# Straightening small Copper pipes.



## Tony Bird (Nov 25, 2013)

Hi,

I hope this is found interesting. Following is how I straighten small diameter copper pipes.

First anneal.





Then roughly straighten.





Put one end in a vice and pull the other end with a pair of pliers.





End result.






Regards Tony.


----------



## stevehuckss396 (Nov 25, 2013)

I do that with wire at work all the time. Not sure I would have tried it on tubing. Good thinking.


----------



## Tony Bird (Nov 26, 2013)

Hi Steve,

*I do that with wire at work all the time. Not sure I would have tried it on tubing. Good thinking. *

When I was gainfully employed we used to hand draw wire annealing about every third pull and it was years before I thought of straightening pipes the same way. But like wire it works better with longer rather than shorter lengths.

Regards Tony.


----------



## gus (Nov 26, 2013)

Galvanised steel wire comes in coils.
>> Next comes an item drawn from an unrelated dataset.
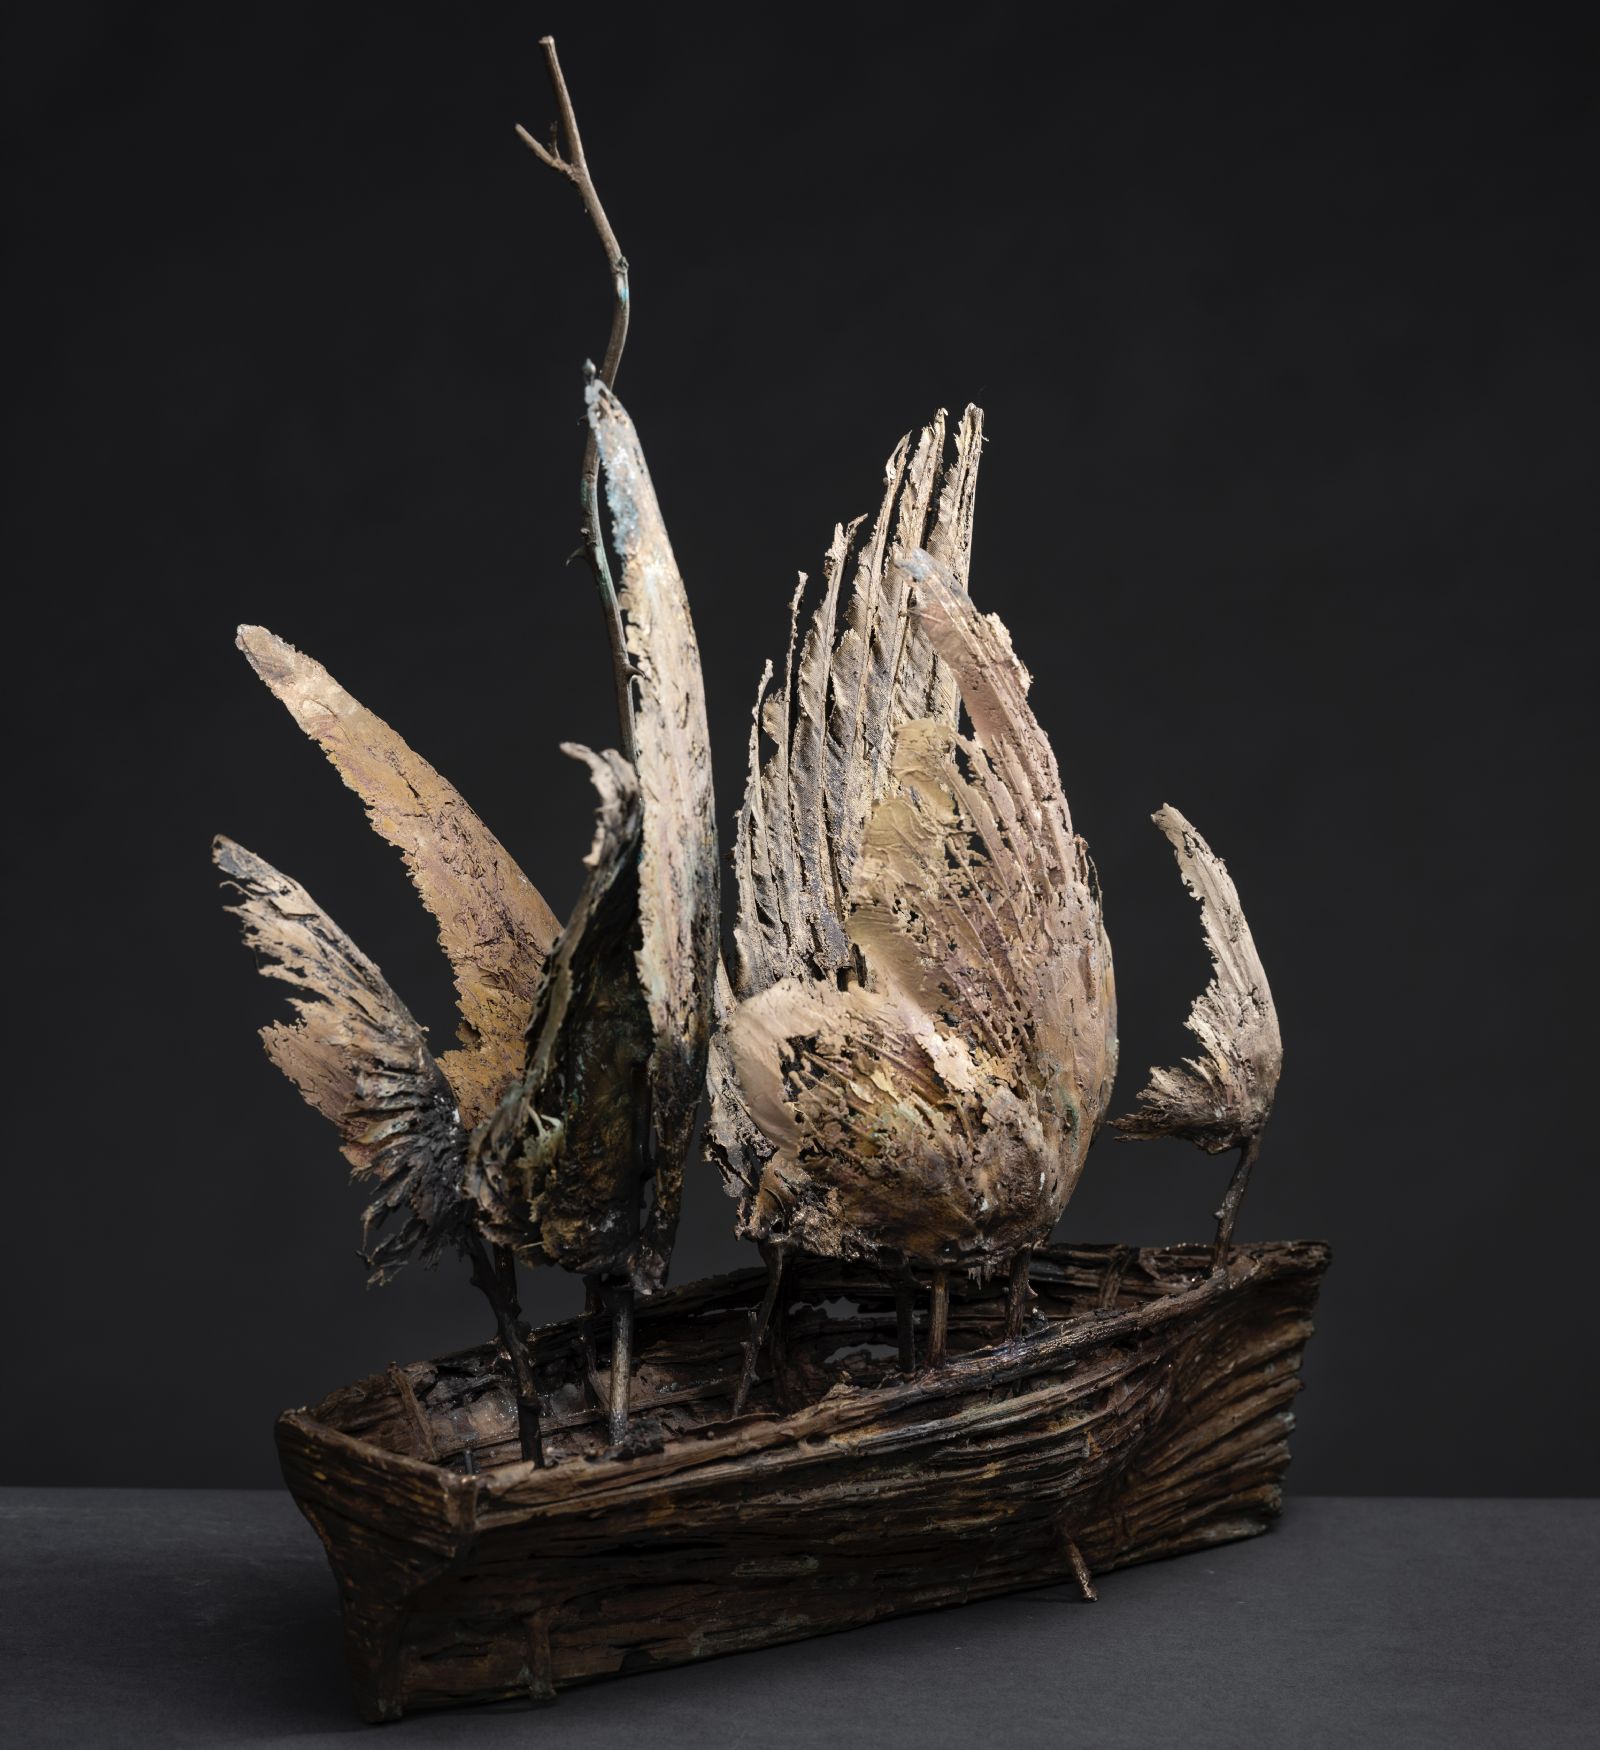 Boat with Wings by Robyn Neild

Manual uncoiled them and straightening them hammering on a flat surface was slow and results never good. 
Watched my next door uncles straightening 1/8 G.I. Steel Wire in the 1950s. With one end clamped in a vise and the other end pulled and clamped in hand drill chuck . After about a hundred rounds wire was straightened. Results very good and that is if you can accept wire twisted straight.
Gus had a team making wire net belt guards for air compressors. We use Taiwanese wire straightening/uncoiling machines. Very straight and cut to exact length by fly cutter. Just in 5 minutes we had a couple of hundred wires done.


----------